The processing equipment also comes with some books that I will be sure to read for even more pointer, but really have no idea when it comes to chemicals.

Thanks in advance for you time.


----------



## Marcelle (Jun 26, 2012)

film Ilford FP4 or HP5
film developer rodinal/ADONAL
paper processing for multigrade paper *Tetenal Variospeed*
paper processing for any paper *Tetenal Eukobrom*


----------



## Canuk (Jun 26, 2012)

Thank you very much for your response, I will look into finding a supplier for those chemicals.


----------



## christopher walrath (Jun 26, 2012)

I have a write up on basic darkroom processing on my website.  Might check it out.  There are many ways to go regarding chemistry.  The Ilford chems are a good reliable way to go.  I would recommend some Kodak chemistry such as HC110 developer, Kodak Indicator Stop Bath and Kodafix.  However, the Great Yellow Father seems to be continually circling around the bottom of the big white bowl so there's no knowing how much longer their soup will be available.

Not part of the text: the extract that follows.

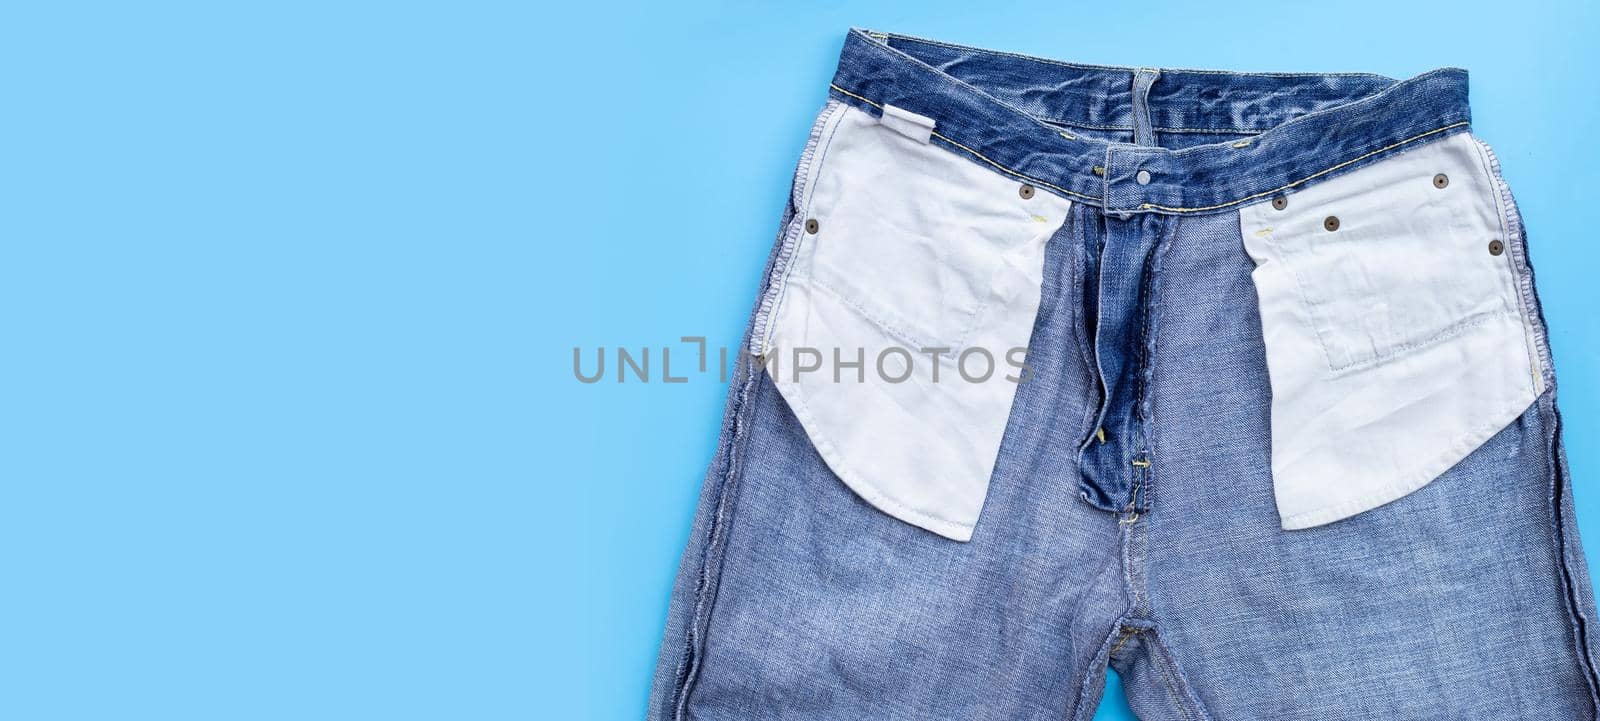 Blue jeans on blue background. by Bowonpat

Film, again, I love Kodak TMax 400 but how long can you get it?  Ilford is a good way to go there as well as they are continually devoting their energies toward the film photography community.  Paper, I love Oriental Seagull's papers.  Arista.edu papers are great for beginners from freestlyephoto.biz

There are as many combos as there are photographers who use them.  Just pick something and go for it.


----------



## Canuk (Jun 27, 2012)

Just an update, I was having a hard time trying to find chemicals that I could get relatively locally. McBain Camera's main store in Edmonton, thankfully still stocks film and B/W chemicals. 
So I picked up some Ilford HP5 400 and ready to get started. I also picked up Ilford chemicals and some 5x7 paper to start with.
The darkroom set up I found has enough parts and pieces for 2-3 complete darkrooms so I think I'm all set now. 
I will post some pics of my set up once I get everything figured out.


----------



## gsgary (Jun 27, 2012)

If you can't get Adonal (new name for Rodinal) you can get a cheaper version that is as good called RO9


----------



## Sw1tchFX (Jun 27, 2012)

Caffenol or GTFO.


----------



## Mike_E (Jun 27, 2012)

Sw1tchFX said:


> Caffenol or GTFO.



Caffenol: Hello


----------



## djacobox372 (Jun 27, 2012)

Just stic to liquid developer and mix it up fresh from concentrate each time.  Rodinal or hc110 are the most popular.


----------



## brianentz (Jul 10, 2012)

You never regret reading the book "the film developing cookbook" by Stephen anchel. A great education.


----------



## timor (Jul 11, 2012)

Marcelle said:


> film Ilford FP4 or HP5
> film developer rodinal/ADONAL
> paper processing for multigrade paper *Tetenal Variospeed*
> paper processing for any paper *Tetenal Eukobrom*



Hi Canuk. Welcome to film photography. It is wholly different ball game. I hope you will stick with it for a while as there is a lot to learn. As you will discover 150+ years of development accumulated quite a bit of knowledge. It is great, that you have a space for a darkroom, that's usually the biggest obstacle for many.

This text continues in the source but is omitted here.